Rompió toda comunicación con ellos. Dispuesta a seguir con su formación, acabó su grado universitario y se matriculó en un máster en Barcelona, lo que implicaba dejar el piso y trasladarse de ciudad. La entidad la puso en contacto con la Fundación de la Esperanza, que cuenta con la Casa de Recés, un centro residencial que acoge a mujeres jóvenes en situación de vulnerabilidad y que ofrece un acompañamiento integral con el objetivo de favorecer su recuperación emocional y promover su autonomía y empoderamiento para lograr una emancipación con garantías.

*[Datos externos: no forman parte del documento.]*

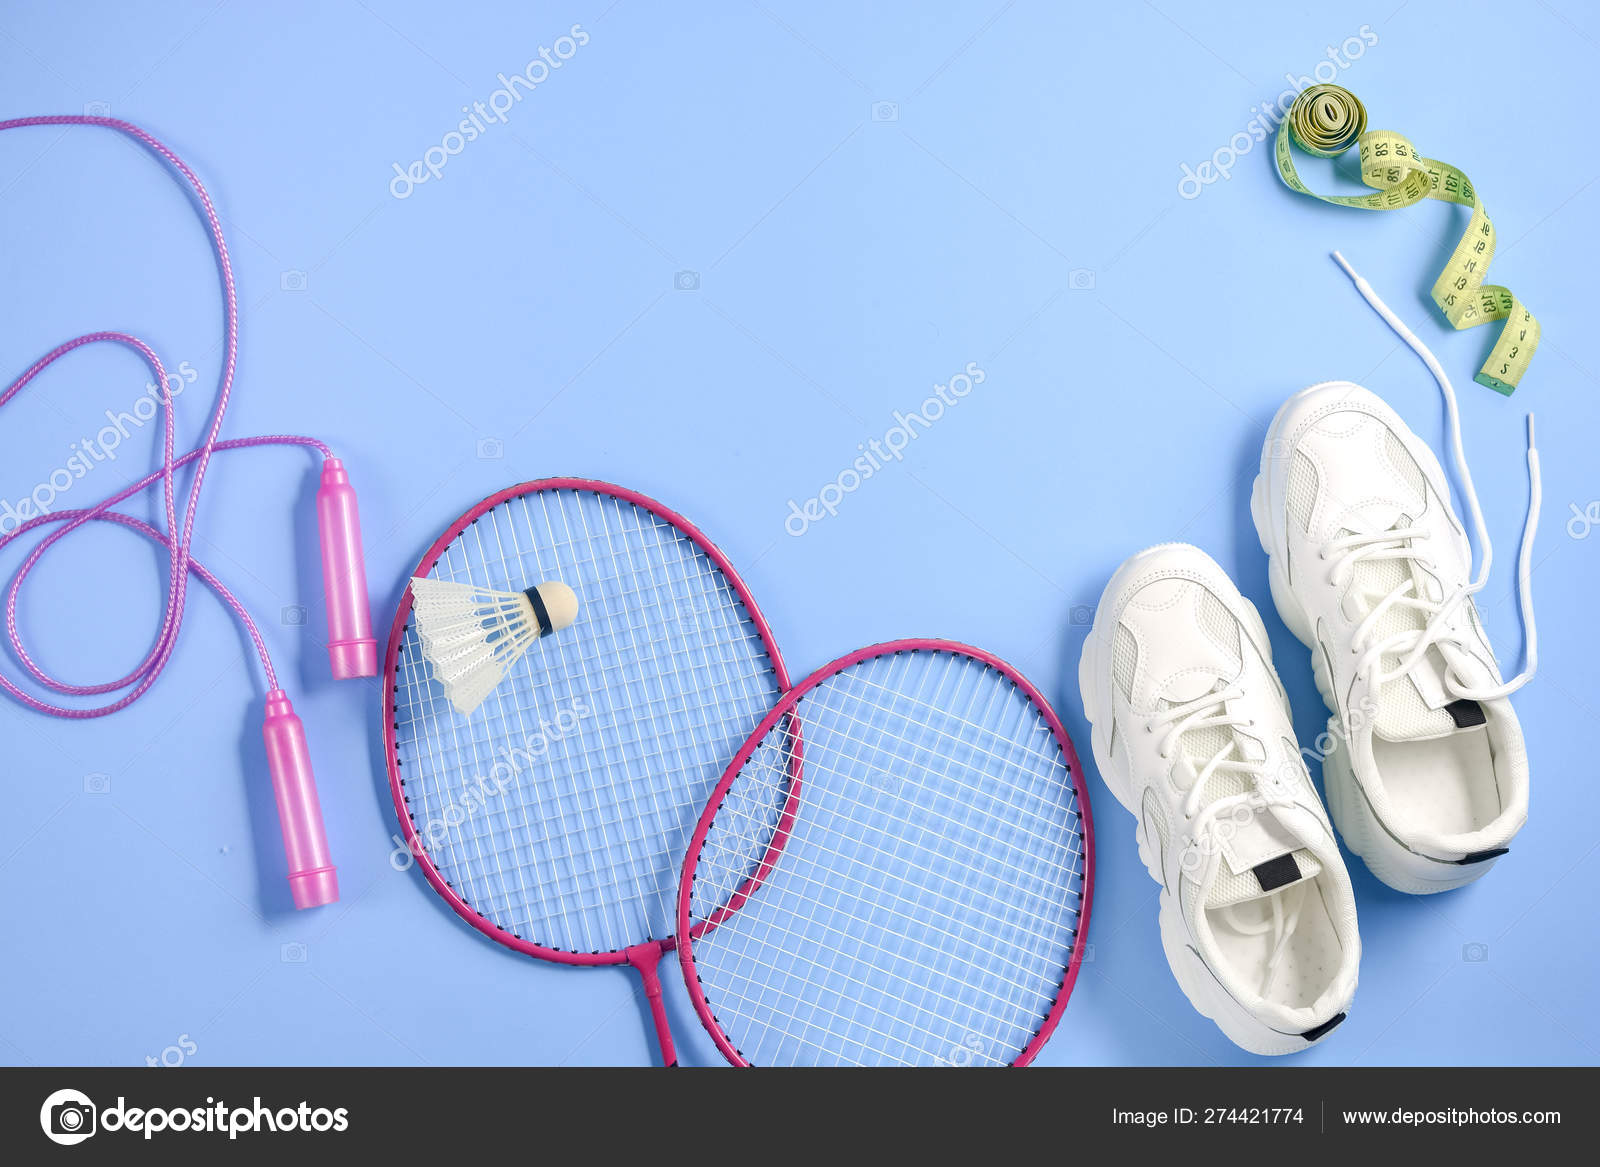 Sports flat lay with shuttlecock and badminton racket, skipping rope,  sneakers and measuring tape on purple background. Fitness, sport and  healthy lifestyle concept. Stock Photo by ©JuraJarema 274421774

Aún anímicamente débil, con la autoestima por los suelos, anulada como persona, en pleno duelo por la pérdida de sus padres y sin haber aprendido a decidir por ella misma, Luna halló en la Casa de Recés la paz y el apoyo necesarios para encontrarse a sí misma y reconstruirse. Aprendió también a pedir ayuda. La convivencia con otras jóvenes con situaciones de violencia a sus espaldas, algunas con experiencias vitales similares a la suya, también ayudó. Se apoyaban mutuamente. Allí empezó de verdad a nacer la nueva Luna.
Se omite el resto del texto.